Do you have any more information on how that all occurred? There must be a lot of internet ink spilled on that subject. I suppose I should look into it. All I remember about the rise and decline of the Tea Party was that we got a bunch of Republicans elected to the House in 2010, and then the Occupiers began to get a lot of press, and the Tea Party was no longer such a big story. Or maybe people were just done protesting, thinking they had accomplished the goal by "winning" the House.
Another glaring lacuna in my fund of knowledge, that I ought to fill.
It's power was also it's weakness.
The Tea Party was so genuinely grassroots, it had no leadership or any mechanism to say who or what was "Tea Party" and who and what was not. There was no central comitte or leader to declare something genuine Tea Party or a pretender.

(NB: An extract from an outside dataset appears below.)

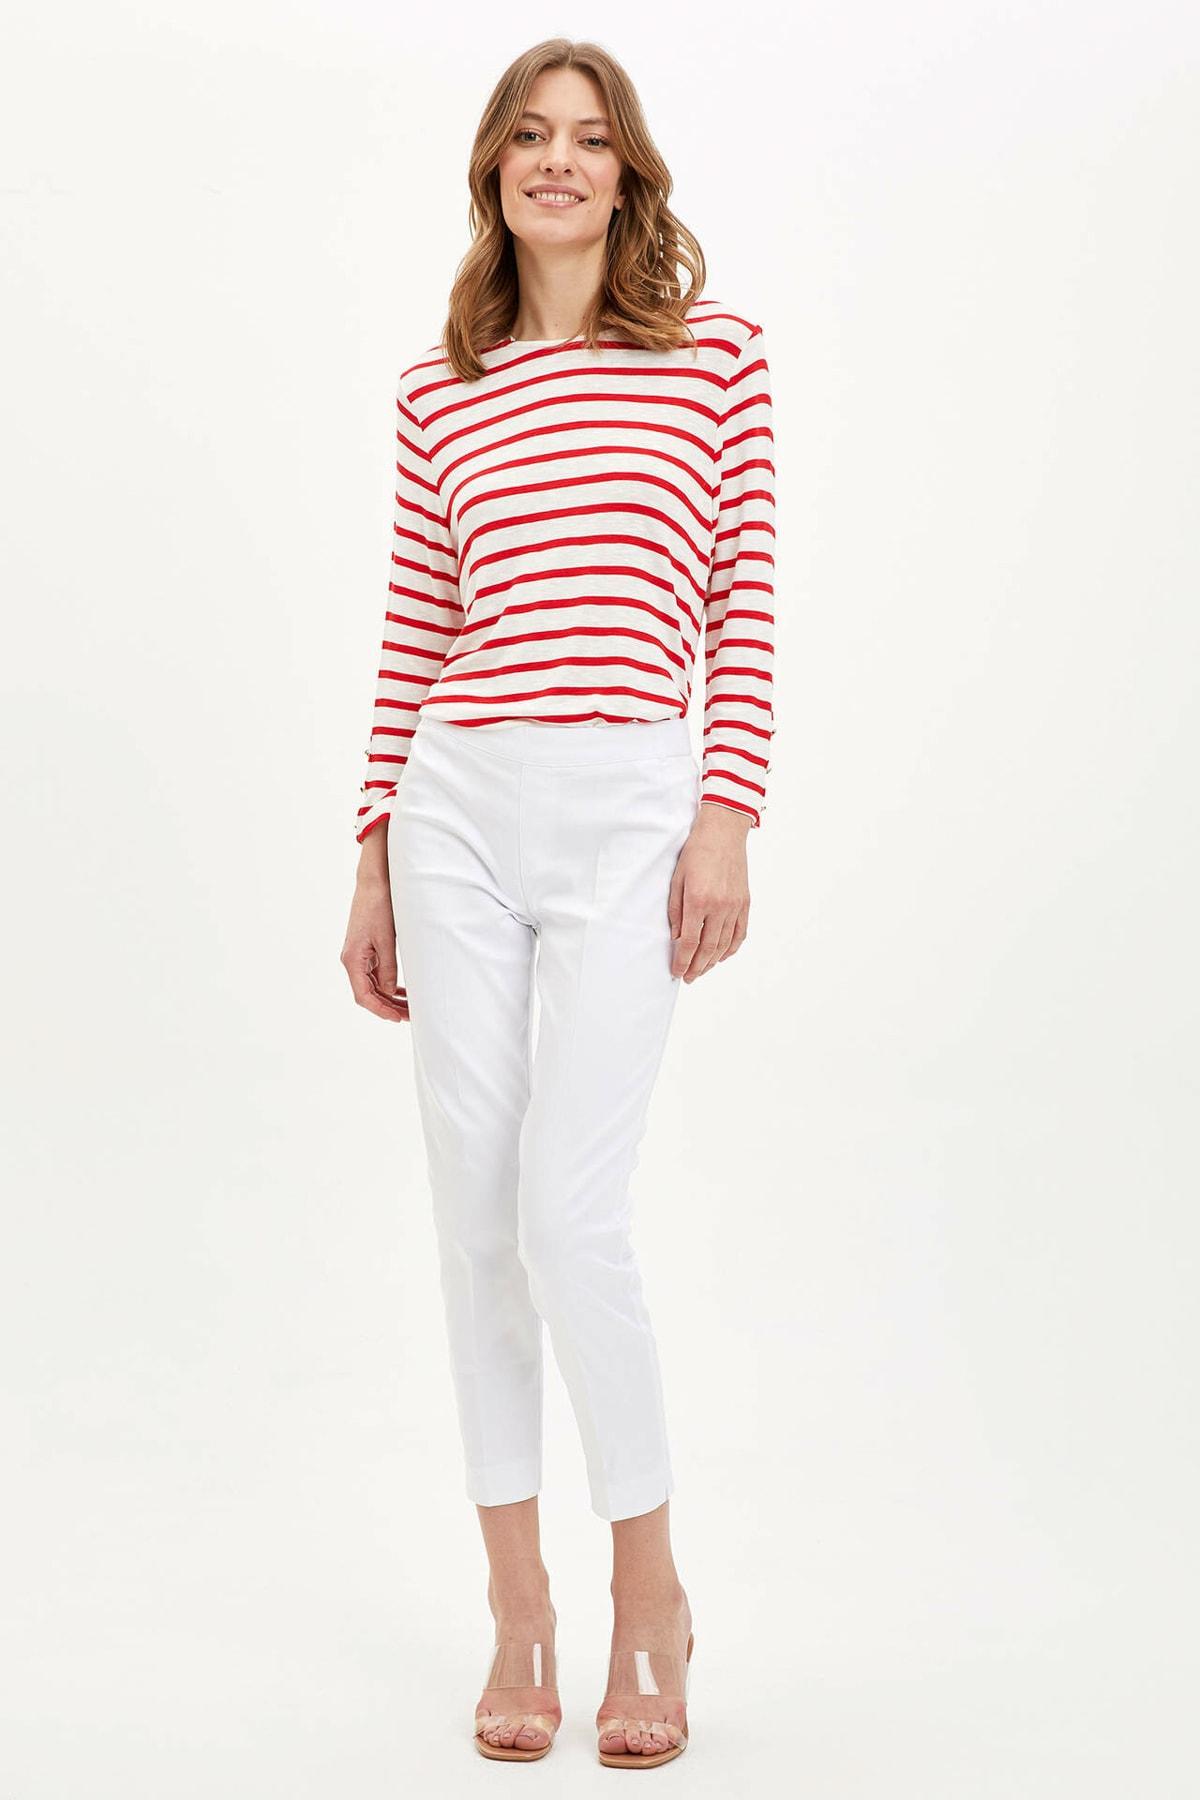 DeFacto Kadın Kırmızı Çizgili Uzun Kollu T-Shirt R3672AZ.20SP.RD227 2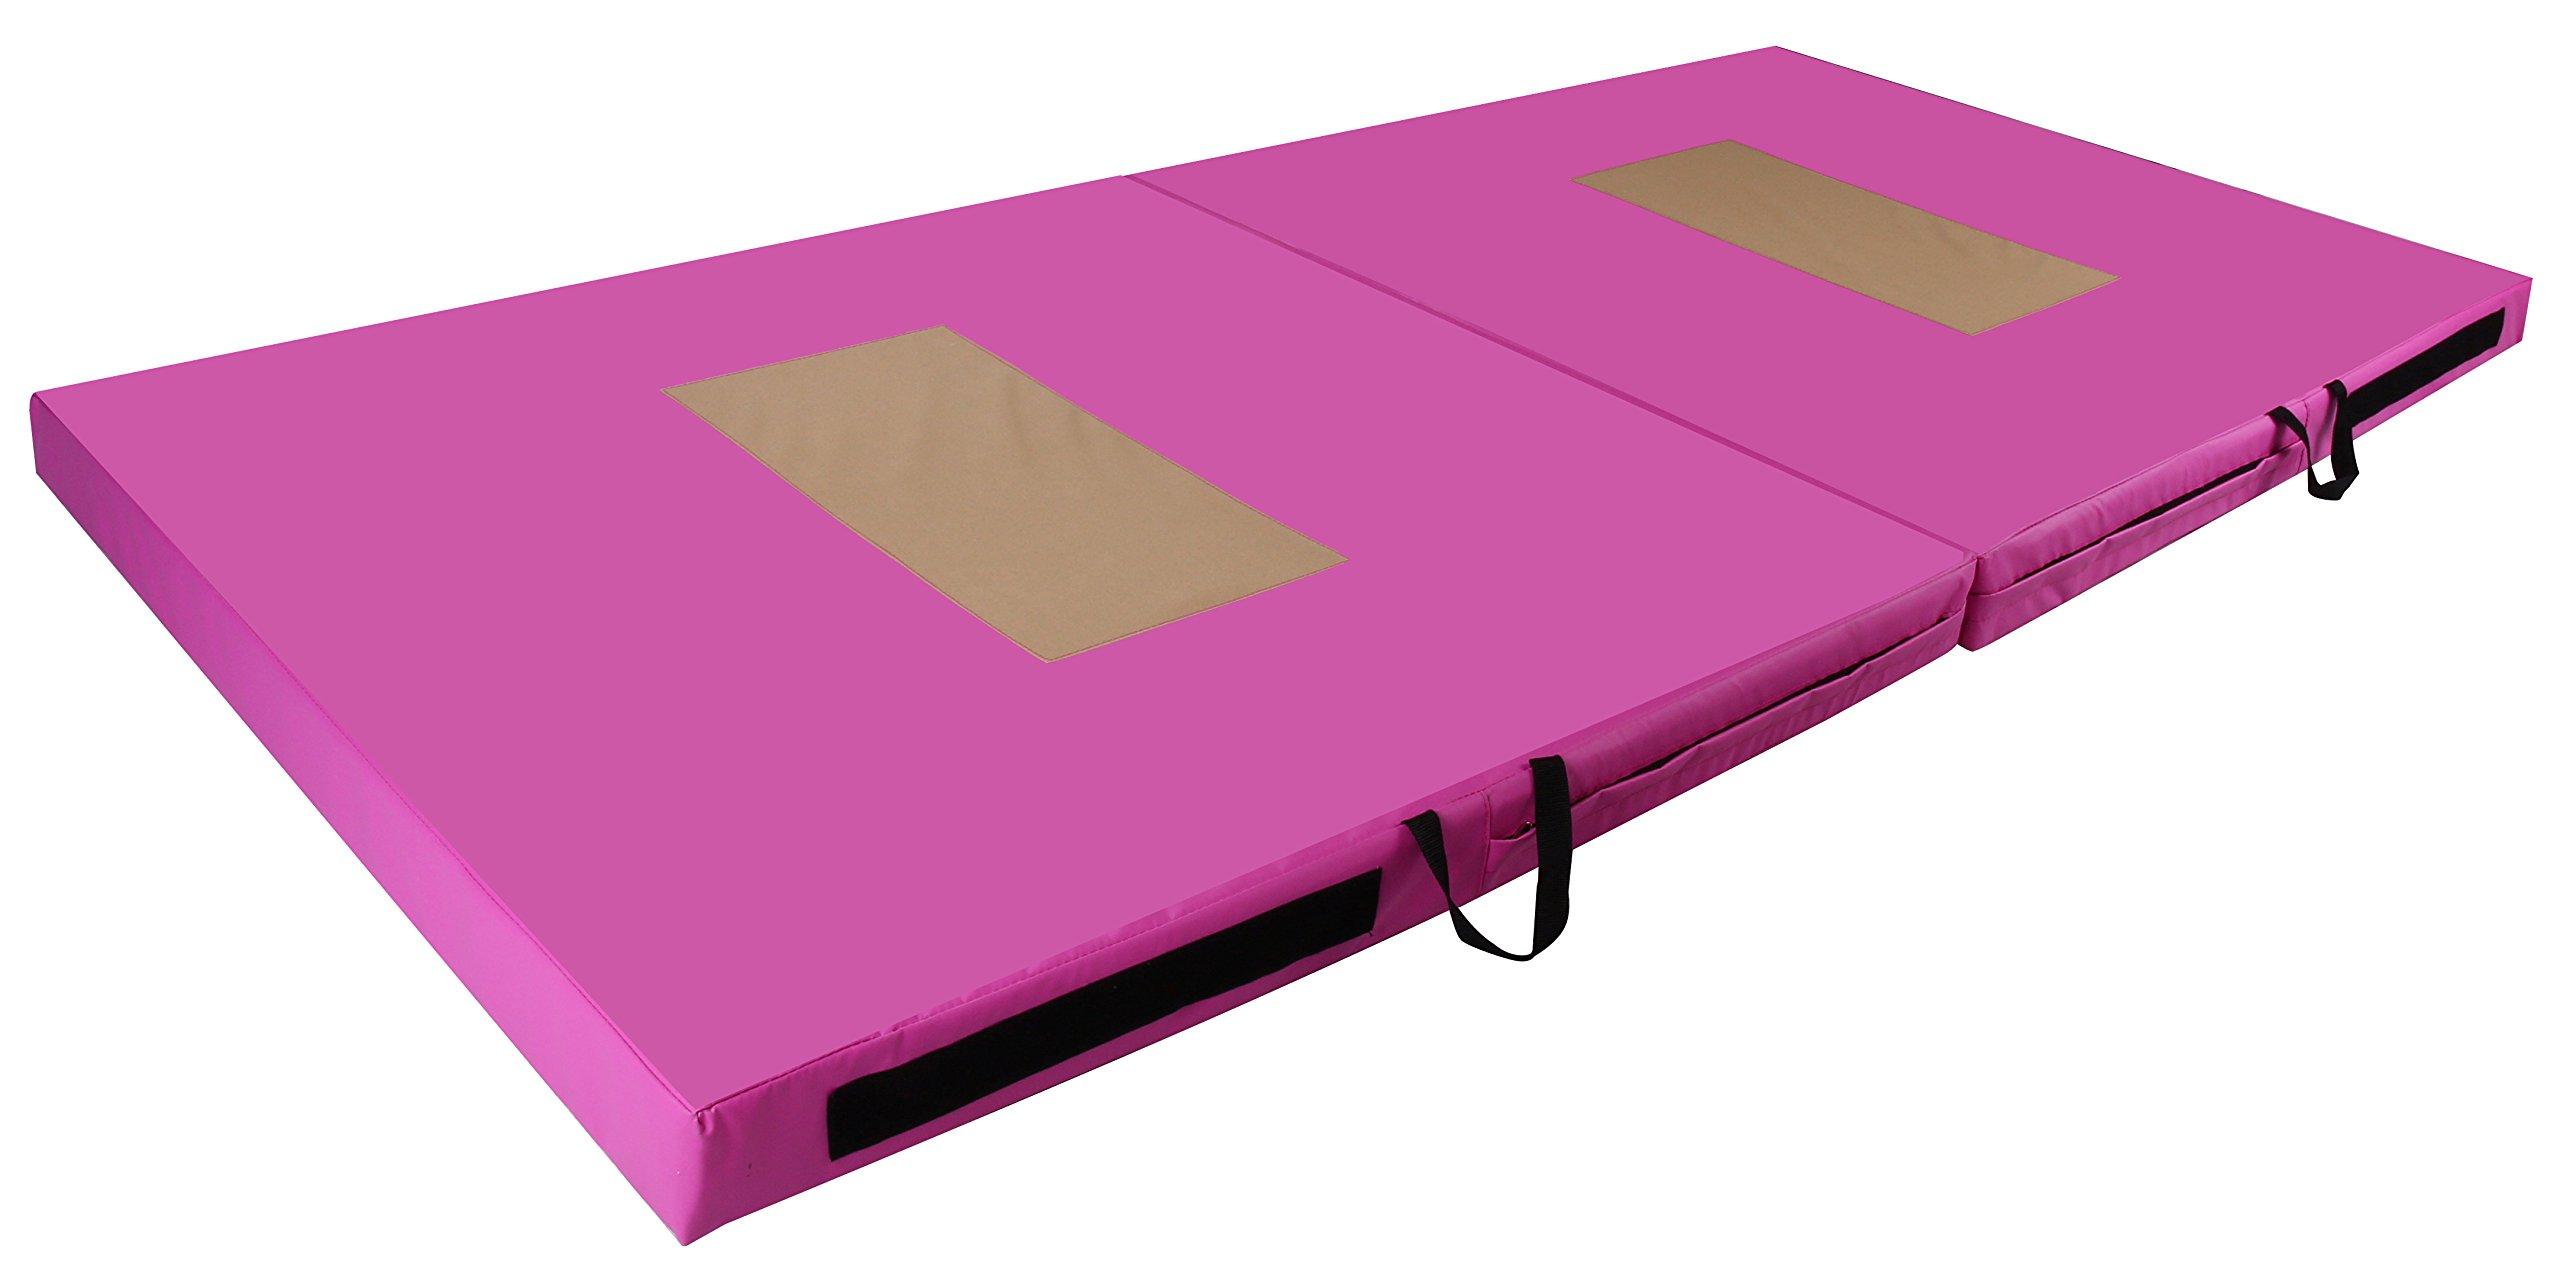 BalanceFrom GoGym All-Purpose 4'x8'x4 Extra Thick High Density Anti-Tear Gymnastics Gym Folding Exercise Aerobics Mats (Pink)

All sorts of GOPe, big-gov "We just spend 5% less than Democrats"-type socons were able to try and co-opt it with any sort of "outsider" status in any election, or position of punditry where their ability to pose as such wasn't completely laughable. And worse, the Left was able to also do the same, and define whatever boogeyman they wanted to as being "Tea Party" as well.
And it's to the point that the entire concept of what was "Tea Party" got so muddied and diluted at the same time, it kind of fell apart.
I even know a lot of more liberty-cons, moderate-cons and others who turn up their nose at "Tea Party" now because both the confusion, and the demonization have penetrated to the point they believe it's Lyndon LaRouche, Family Research Council, and John Bircher stuff now.
Hell, Rubio WAS one of the biggest Tea Party movement candidates, where he challenged Christ, and ousted him. Now a bunch of the electorate views him like he's almost as GOPe as Jeb!
Further, I think you're right. The grassroots Tea Party kind of faded out at the same time after '12, once Obama won his second term and the GOP primary process failed to bend to Tea Party desires and chose Romney. And yeah, as the GOP got control of Congress, there just wasn't that much to fight over anymore until now. And some of that angst, what was left has been sucked up by Trump.
That's at least my gut-level impressions of how it devolved.